His eyes narrowed, and his smile disappeared. “You believe that you didn’t see that side of him? The day I met you, he’d backhanded you right in the middle of a Walmart parking lot. Knocked a beautiful, pregnant woman to the ground. You didn’t know then what he was capable of?”

Some loyal part of me stretched to defend him. But Lonnell’s point was valid. “I loved him. I was about to have his daughter.”

“I can’t fault you for giving him the second chance, Dahlia. But the others?” He pointed to the steps, and I started down at the frozen figures of the only other things Ray ever gave me. “Eh, I’m just salty because you didn’t feel what I felt back then.” He stepped forward and his warmth invaded me. “This is a new choice though, baby.”

He took my hand and spun me on the spot. As my vision cleared, I stood in a sunny kitchen before a broad, pine table with benches on either side where 12 children sat eating breakfast. I looked at their faces and realized that the twins were sat at the end, teenagers now and laughing as their brother sat across from them. His preteen face sulky, but his hazel eyes lit up like I’d never seen before. The rest of the faces were unfamiliar until I turned around to see Becca standing at the kitchen island with a forty-something version of Lonelle.

She was a woman, three massive textbooks in her arms. “She’s just finished pre-med. But that smile on her face that looks so much like yours is because my wife, Liza just told her that the scholarship program she started when she graduated high school is going to put 4 kids into college.”

As my eyes moved around the kitchen and found Liza, my absent insides twisted. Liza-Marie had been Ray’s girl before me. In high school, she’d dumped him because he had disrespected her father. And now she was married to Lonell, the boy who’d promised to save me from all that I’d made myself endure. He’d married her and was going to take in my four parentless kids?

“They are all foster kids. Liza and I can’t have our own. So we try to give a better chance to kids who grew up like we did. Show them there’s another way.” He stepped up next to me and took my hand again.

I looked up at him. “This is my choice? Die and give them to you or keep them… And what? Fuck them up forever?”

“No, baby girl. That’s not the choice at all.” His fingers came under my chin. “Think bigger.”

I felt this world falling away. He didn’t spin me this time, just lifted my face, and when he let go, I stood in the parking lot of Becca’s elementary school, holding the hands of my tiny toddler twins and pregnant with Tobias. I remembered the day vividly. I’d stood there with my babies waiting for their older sister and trying to think what to do. Seven months pregnant with a swollen, bruised face, two broken ribs, and nothing to call my own, I was about to decide to stay, just until the baby was born. But I never left.

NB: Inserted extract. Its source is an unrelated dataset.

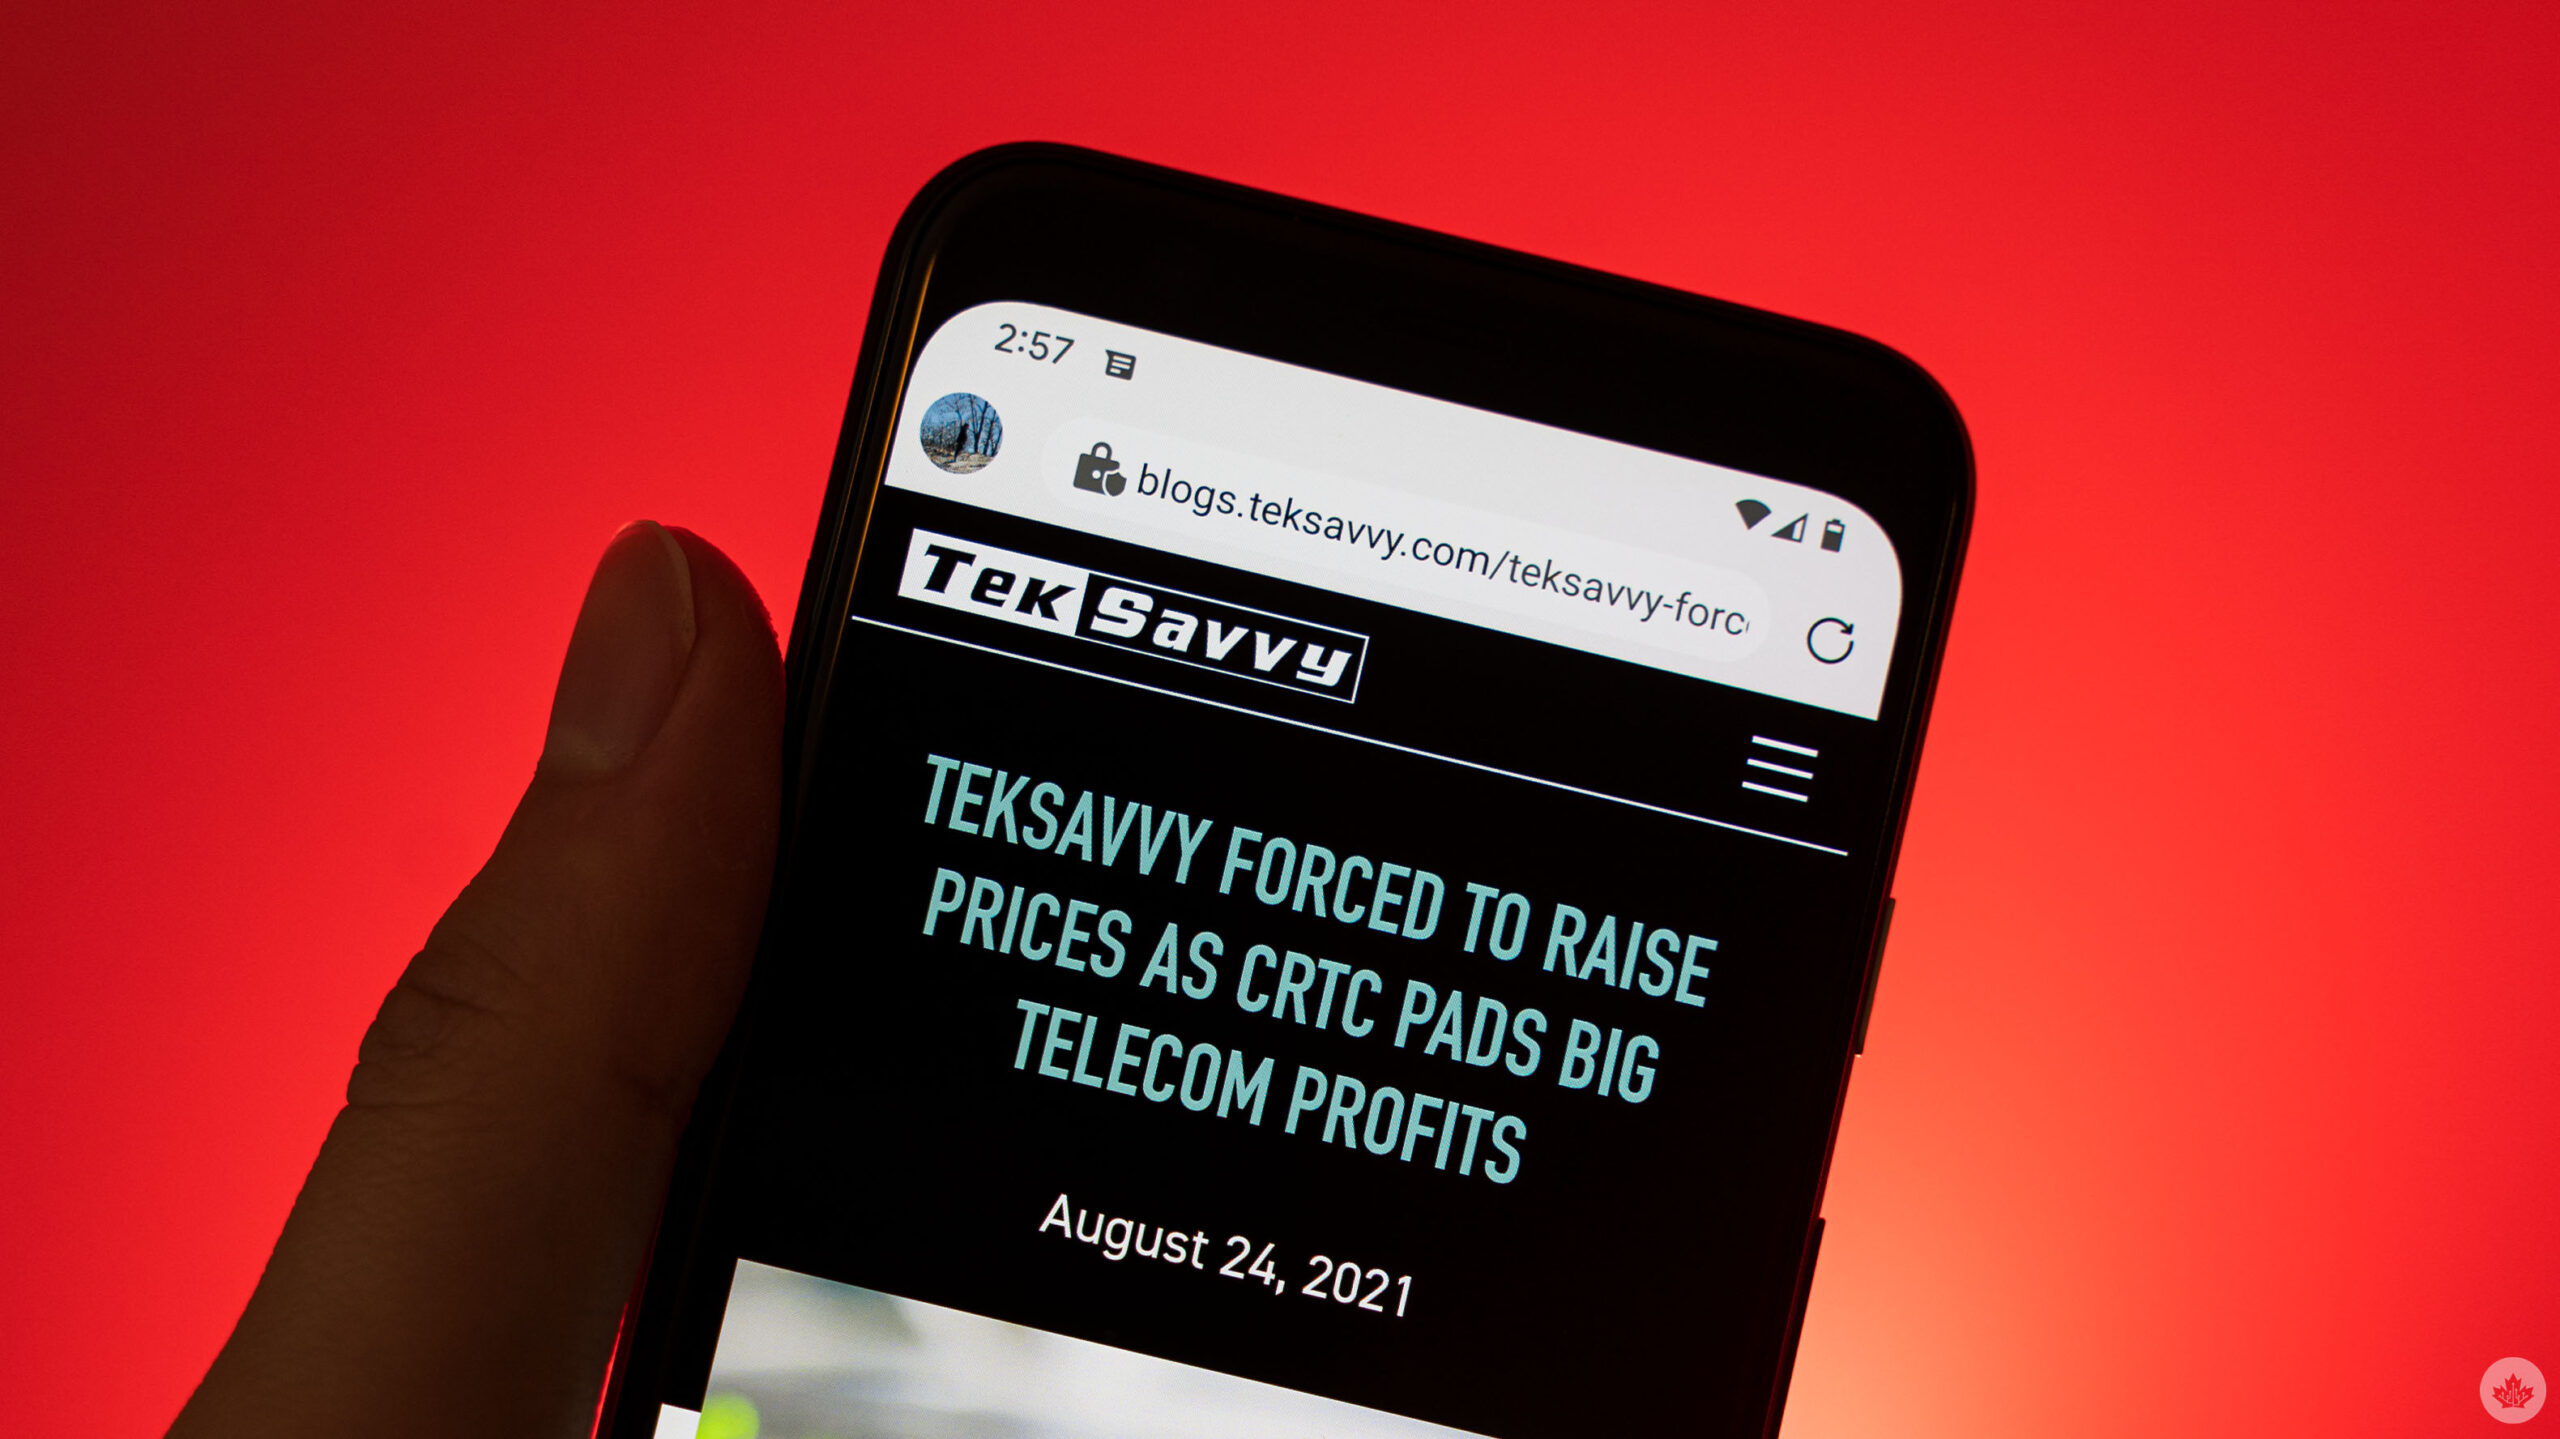 TekSavvy price increase blog

“You could choose differently this day. Decide not to go back. Move into that woman’s shelter. You could have had Ray arrested for this, instead of that terrible thing he did after this. Your friend Natalie from Becca’s school would’ve taken you in and gotten you a part-time job at the school, helping kids who don’t have computers at home learn how to use them.”

He squeezed my hand again, and I opened my eyes to the nursery where the twins spent their first fragile days of life. Ray had disappeared for 29 days and Becca was being looked after by Ray’s sister, who I was pretty sure was a heroin addict. But I hadn’t known what else to do. There was a nurse, wheeling me into the NICU 26 hours after my precious babies had been taken out of me in a emergency C-section. I was still swollen and weak from preeclampsia. But they’d finally let me out of bed to go meet them. I didn’t even remember my babies being born.

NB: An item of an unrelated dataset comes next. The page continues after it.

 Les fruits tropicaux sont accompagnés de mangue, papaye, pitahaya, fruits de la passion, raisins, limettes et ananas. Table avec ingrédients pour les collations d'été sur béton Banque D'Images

“She’d asked if she could go get Becca for you, do you remember?” I nodded but not looking at the nurse. I stared at myself. So puffy and stubborn. I wouldn’t even accept help when it was offered. “She would’ve helped you get into a better house, too. Her mother’s house in Reynoldsburg. She would’ve let you live there and helped you get that IT certification you’d wanted. When the girls were two, you would’ve moved into your own home where Becca would’ve been mentored by an amazing science teacher and even graduated early.”

I looked down at our feet, “Why are you telling me this?”

He slipped his fingers under my chin to look up at him, and when he dropped them, we were back in my crappy house on Hanover Street, right after we’d moved in. I stood at the bedroom door with Becca on my hip, watching her Daddy, naked on the bed with another woman. “He turned this around and made the whole thing seem like my fault,” I said in a tight voice, remembering all of the times between then and now that Lonell wasn’t showing me. All the moments I should have walked away.

I turned away, and as I did, a park shelter house materialized, where he’d shown up drunk to his daughter’s first birthday. My expression frozen in horror as I watched the path of his fist coming straight at me. The first of many full, facial punches over the years. “Stop, please.” I covered my face, but there were no tears.

Until I heard my own voice.

“I can’t Lonell. I know I’m probably making a mistake, but you won’t love this little girl like he will.”

Lonelle at 21 was softer than he was at 35. His kind, coffee color eyes scanned over me. My face had healed from the night in the parking lot, but I’d seen him every day since that night. “That’s where you’re wrong, baby girl. I could love her more.”

I shook my head. But he kissed me. The whole world was right that night.

“You know I was right back then.” The 35 year old Lonell locked his fingers with mine as we watched our younger selves make love.

I turned toward him, “But I can’t go back. I can’t choose you now.”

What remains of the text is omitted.